Asesinando mujeres por aborto tardío

  Lo cuentan "nuestro mundo al revés" y LifeNews: La mujer de la fotografía está embarazada de gemelas de 20 semanas. Esto no sería nada raro ni espantoso si no fuera porque esta fotografía fue tomada el día 8 de agosto de 2012 mientras esta mujer entraba al "Centro de Mujeres de Orlando" para acabar con la vida de sus bebés, simplemente porque no quería tener hijas mujeres.

   Esperó hasta los 5 meses de embarazo para deshacerse de las bebés simplemente porque quería confirmar el sexo de éstas. Activistas pro-vida la recibieron a las puertas del centro abortista, hablaron con ella y le ofrecieron todo tipo de ayuda que ella rechazó manifestando además que no tenía ningún problema para abortar a ambas niñas ni que sentía compasión alguna por las criaturas que llevaba en su vientre y que estaba a punto de torturar hasta la muerte con el aborto.
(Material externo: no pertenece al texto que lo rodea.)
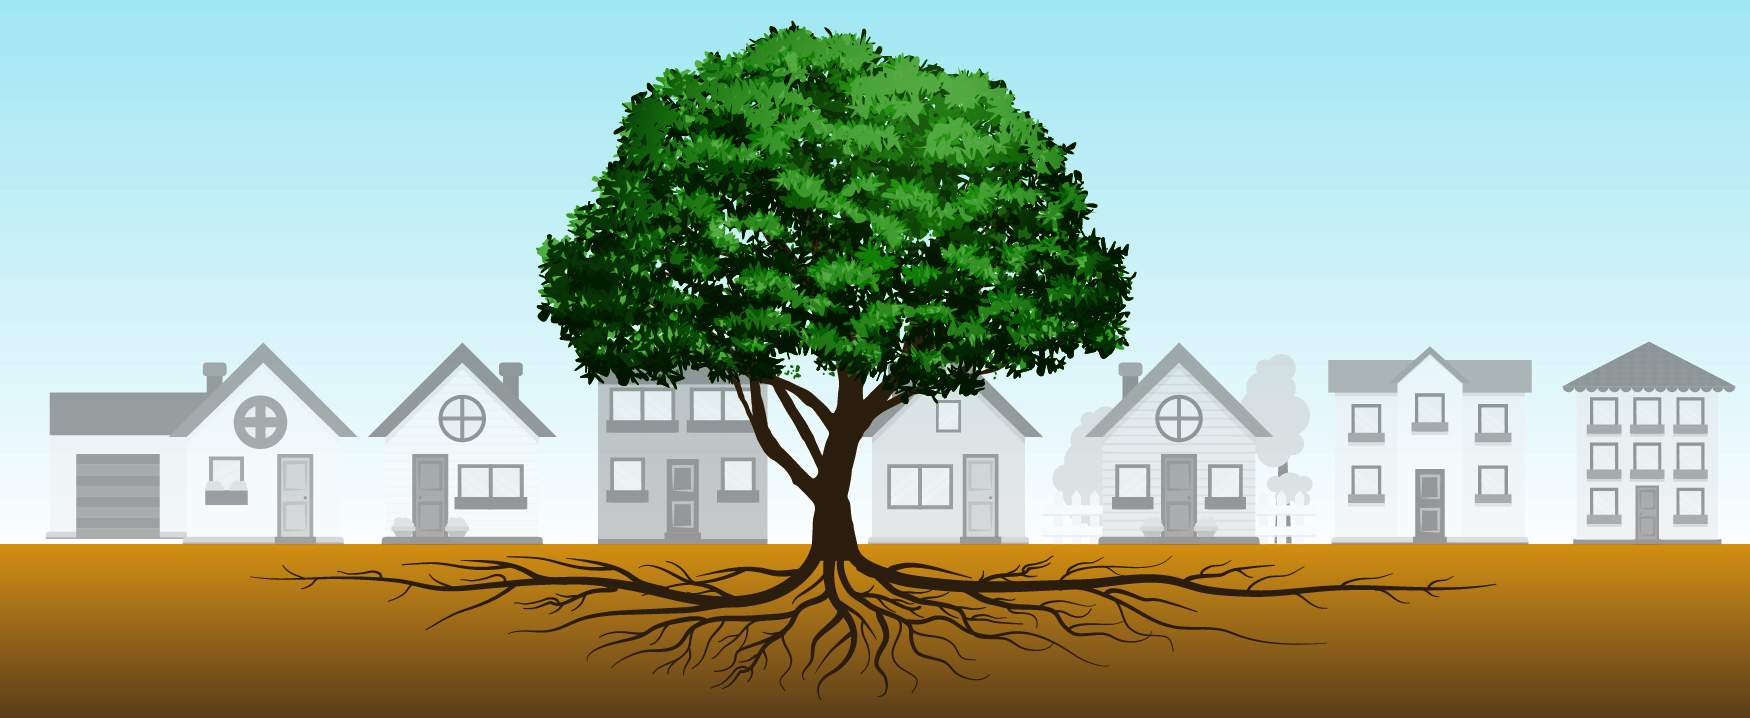 Un arbre pousse au centre d'une rangée de maisons. Les racines de l'arbre s'étendent sous terre, étendant la largeur de la rangée de maisons dans les deux sens.

Ésa era su "opción libre" y "legal"... Y viendo este caso... ¿A caso puede haber alguna duda sobre la iniquidad de una ley cuando ésta permite semejantes barbaridades...?

   Quienes defienden el aborto como la "opción de una mujer a decidir sobre su propio cuerpo" quizá no se dan cuenta pero están legitimando este tipo de acciones. La mujer de esta foto permitió que sus hijas fueran envenenadas a lo largo de dos días y luego le indujeron el parto para que expulsara los cadáveres de las pobres bebitas.

   De ello ha sido testigo Kelly Clinger, cantante norteamericana que en sus años como corista de la famosa Britney Spears cometió dos abortos en ese mismo centro abortista de Orlando. Ahora se arrepiente y después de años de depresión, un divorcio y mucho dolor como parte de su proceso de reconciliación se ha unido al movimiento de “Silent no more” en el que mujeres que han cometido abortos dan testimonio de los mismos y del dolor y las repercusiones que les ha causado buscando ayudar a otros a tomar conciencia de ello y evitar así más abortos. Además participa como voluntaria en la acera de este centro de exterminación abortista de Orlando, donde ella misma cometió dos abortos, rezando y ofreciendo consejo a mujeres que están considerando abortar. Así fue que conoció a la mujer en esta foto.

   Desde que esta foto fue publicada en las redes sociales, tanto la foto como el artículo que escribió Kelly se volvieron virales y su blog recibió más de un millón de visitas en un par de días. En los comentarios que la gente dejó en su blog, mientras algunos le daban las gracias, otros la cuestionaban: muchos prefieren pensar que el aborto no mata a una persona, quisieran pensar que es un procedimiento raro que se da en situaciones excepcionales y en las primeras semanas de embarazo. Pero esto no es verdad. El aborto tortura hasta la muerte a un ser humano indefenso sin importar si tiene semanas o meses de vida. Y tristemente por la proclamada y falsa “libertad de decisión” vigente y legal en muchos países, se ofrece a gusto del comprador y sin el menor escrúpulo inclusive hasta los 9 meses de gestación.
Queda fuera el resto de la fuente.